··· Exercise materials
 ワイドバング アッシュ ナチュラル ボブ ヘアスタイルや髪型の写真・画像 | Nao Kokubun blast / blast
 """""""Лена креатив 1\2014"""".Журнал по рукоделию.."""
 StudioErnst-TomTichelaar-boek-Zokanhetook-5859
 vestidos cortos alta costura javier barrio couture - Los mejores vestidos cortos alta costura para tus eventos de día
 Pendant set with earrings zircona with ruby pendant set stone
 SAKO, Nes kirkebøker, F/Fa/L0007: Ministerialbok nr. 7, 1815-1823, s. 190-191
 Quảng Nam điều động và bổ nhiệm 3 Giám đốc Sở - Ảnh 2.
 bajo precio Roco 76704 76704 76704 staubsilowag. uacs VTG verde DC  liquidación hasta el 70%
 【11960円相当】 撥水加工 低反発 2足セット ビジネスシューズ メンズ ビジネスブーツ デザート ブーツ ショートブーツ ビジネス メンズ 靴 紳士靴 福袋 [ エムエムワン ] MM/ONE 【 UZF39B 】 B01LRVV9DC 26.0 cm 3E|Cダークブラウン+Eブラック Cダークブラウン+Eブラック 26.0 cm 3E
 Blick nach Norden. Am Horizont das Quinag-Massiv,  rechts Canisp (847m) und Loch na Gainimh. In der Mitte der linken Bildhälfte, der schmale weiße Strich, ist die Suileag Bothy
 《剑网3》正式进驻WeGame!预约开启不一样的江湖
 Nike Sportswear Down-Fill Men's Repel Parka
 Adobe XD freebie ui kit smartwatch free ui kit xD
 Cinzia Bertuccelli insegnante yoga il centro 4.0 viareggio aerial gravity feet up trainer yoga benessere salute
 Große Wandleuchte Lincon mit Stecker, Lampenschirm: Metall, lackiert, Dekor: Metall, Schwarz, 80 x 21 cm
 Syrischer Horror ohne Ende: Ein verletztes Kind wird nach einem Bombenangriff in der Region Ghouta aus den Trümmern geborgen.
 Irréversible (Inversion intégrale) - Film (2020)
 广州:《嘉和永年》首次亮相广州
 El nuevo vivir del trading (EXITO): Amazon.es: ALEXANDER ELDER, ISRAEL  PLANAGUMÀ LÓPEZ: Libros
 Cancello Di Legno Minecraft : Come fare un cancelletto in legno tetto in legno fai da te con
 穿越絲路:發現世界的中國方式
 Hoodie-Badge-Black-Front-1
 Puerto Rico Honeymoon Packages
······
» **Exercise objective**
Once you find the line with "bajo precio Roco" above, print it and every line after it up to and including the line with "广州:《嘉和永年》首次亮相广州", exactly as written and nothing else.

» **Exercise solution**
 bajo precio Roco 76704 76704 76704 staubsilowag. uacs VTG verde DC  liquidación hasta el 70%
 【11960円相当】 撥水加工 低反発 2足セット ビジネスシューズ メンズ ビジネスブーツ デザート ブーツ ショートブーツ ビジネス メンズ 靴 紳士靴 福袋 [ エムエムワン ] MM/ONE 【 UZF39B 】 B01LRVV9DC 26.0 cm 3E|Cダークブラウン+Eブラック Cダークブラウン+Eブラック 26.0 cm 3E
 Blick nach Norden. Am Horizont das Quinag-Massiv,  rechts Canisp (847m) und Loch na Gainimh. In der Mitte der linken Bildhälfte, der schmale weiße Strich, ist die Suileag Bothy
 《剑网3》正式进驻WeGame!预约开启不一样的江湖
 Nike Sportswear Down-Fill Men's Repel Parka
 Adobe XD freebie ui kit smartwatch free ui kit xD
 Cinzia Bertuccelli insegnante yoga il centro 4.0 viareggio aerial gravity feet up trainer yoga benessere salute
 Große Wandleuchte Lincon mit Stecker, Lampenschirm: Metall, lackiert, Dekor: Metall, Schwarz, 80 x 21 cm
 Syrischer Horror ohne Ende: Ein verletztes Kind wird nach einem Bombenangriff in der Region Ghouta aus den Trümmern geborgen.
 Irréversible (Inversion intégrale) - Film (2020)
 广州:《嘉和永年》首次亮相广州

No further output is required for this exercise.